Published on Monday, November 04, 2013 in , , , , , , , , ,

Shreyas Patil's photo of playing cardsIt's time for some magic!

Don't worry, there's no complicated sleight-of-hand in these tricks. Not only does math make them easy, but you don't even have to do any math during the routines, since all the math involved has been worked out ahead of time.

I'll start with the simpler of the tricks. In this first one, you have someone think of any hour of the day, and you tap numbers on an analog watch while they silently count up to 20. When they reach 20, they say “Stop!”, and your finger is on the hour they secretly chose!

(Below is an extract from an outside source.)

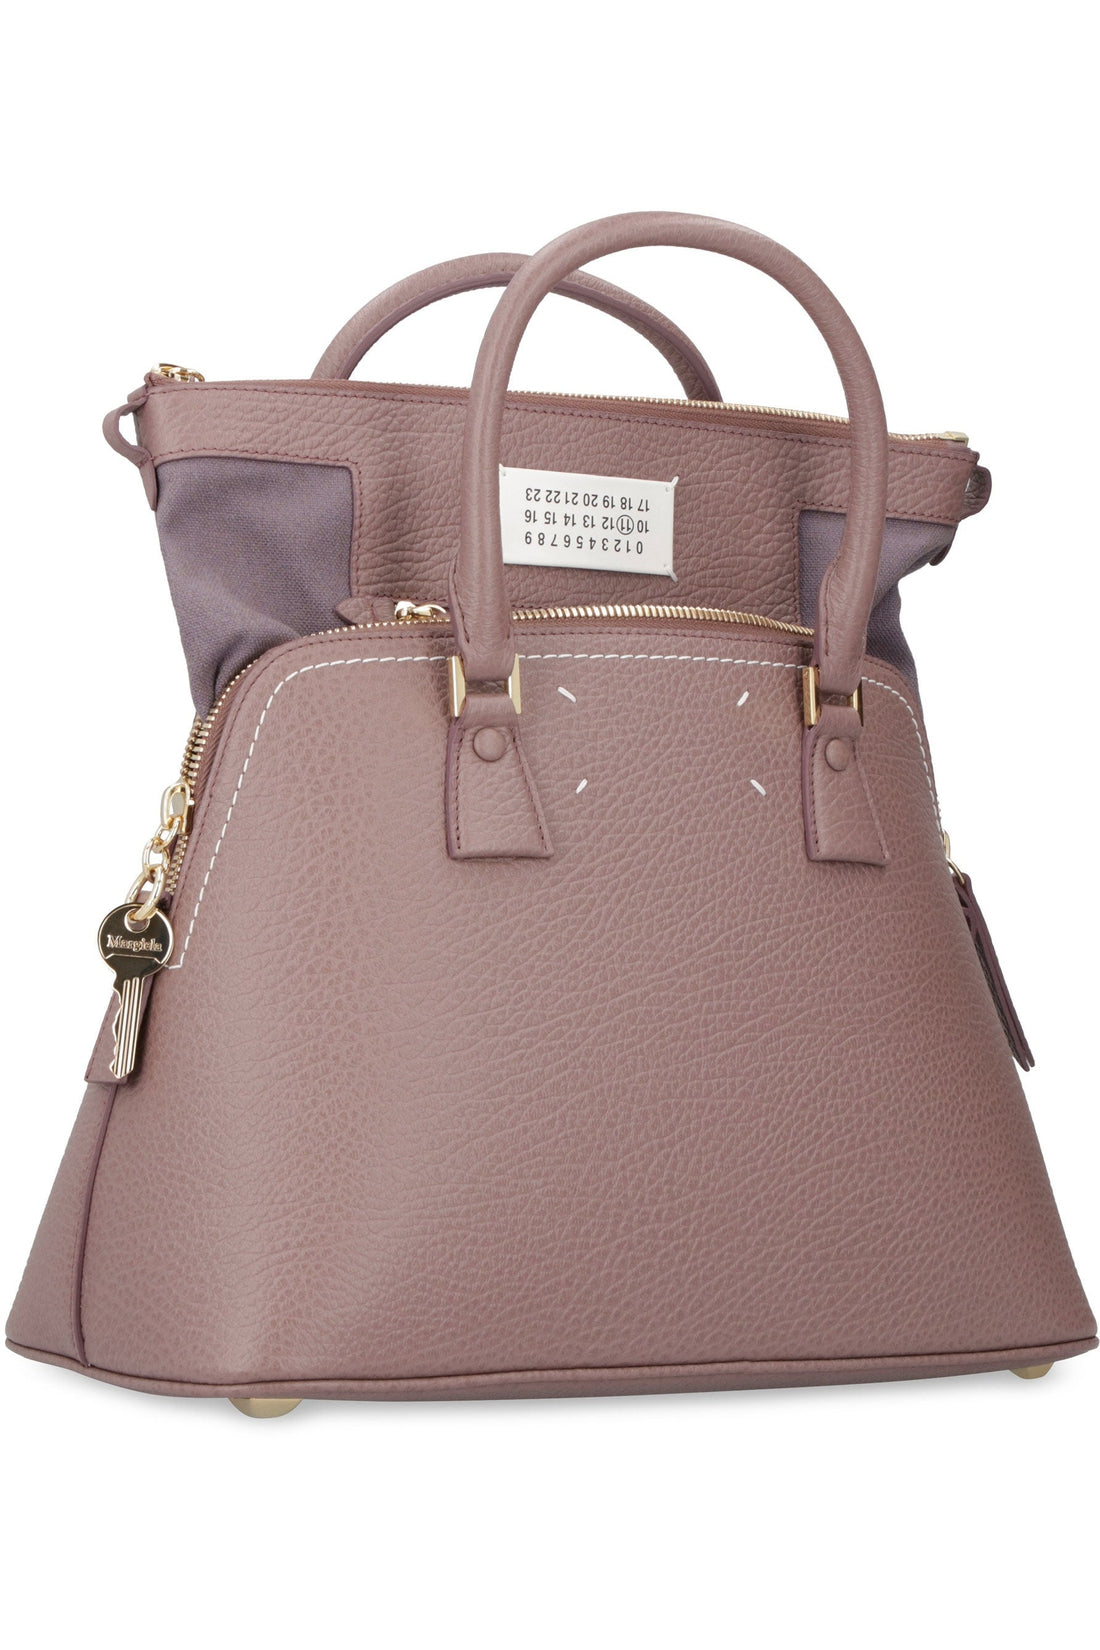 Maison Margiela-OUTLET-SALE-5AC leather handbag-ARCHIVIST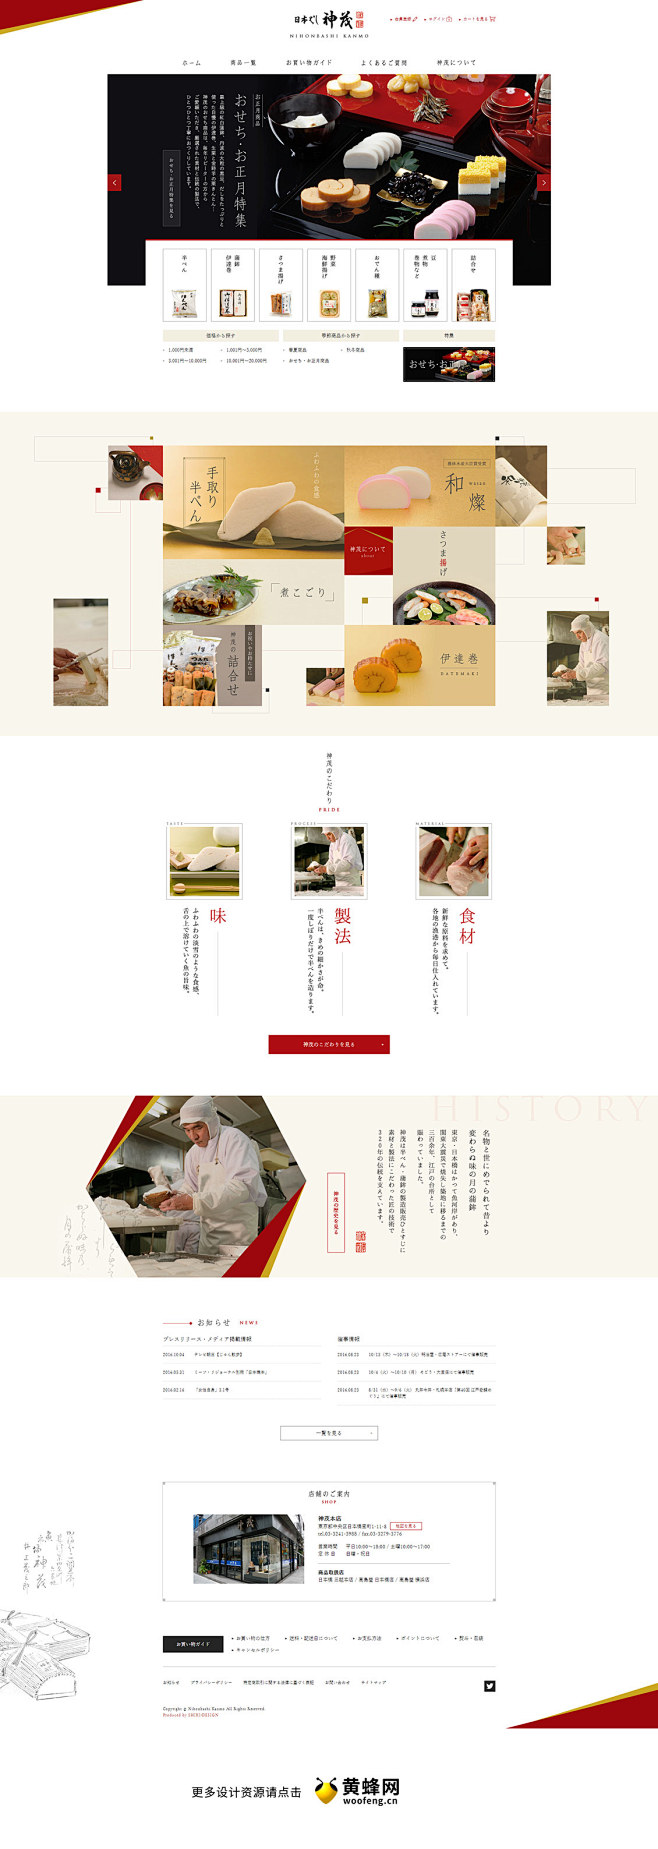 日本橋神茂食品美食网站 更多设计资源尽在...

The method behind this simple trick is described in Futility Closet's On Time post.

At first, the workings may confuse you, but a little experimentation with different numbers will help you understand it. Obviously, this is also true for anyone for whom you perform it, so don't treat this as a big mystery, but rather as a simple and interesting experience.

The basic tapping presentation has a long history in magic. In Martin Gardner's book, Mathematics, Magic and Mystery, there's an entire section on tapping tricks. Thank to Google Books, you can read the entire section online for free, running from page 101 to page 107.

The next trick, courtesy of Card Colm, is a little more involved. You have someone name any card suit, have a regular deck of cards shuffled, and then the number cards (Ace through 9) are removed in the order in which they're found in the deck. You then make an unusual bet based on divisibility of various numbers formed by those cards.

This trick is called the $36 Gamble, and the method is found in Card Colm's post, The Sequence I Desire. Magic: When Divided, No Remainder. Beyond just the mathematical method, there's plenty to explore under the hood of this routine, including Arthur Benjamin's method for determining divisibility by 7, and a very deceptive shuffling method, which appears fair.

If you enjoy the deceptive shuffles discussed in the above post and its links, you also might enjoy Lew Brooks' book Stack Attack, which features the False False Shuffle. The false shuffle and the routines in Stack Attack mix well with the principles behind the $36 Gamble. In my 2006 review of the DVD of the same name by the same author, you can get a better idea of the contents.

Even though I've only linked to 2 tricks here, practicing them, understanding them, and digging in to the variations I've mentioned is more than enough to get your mental gears turning, so have fun exploring them!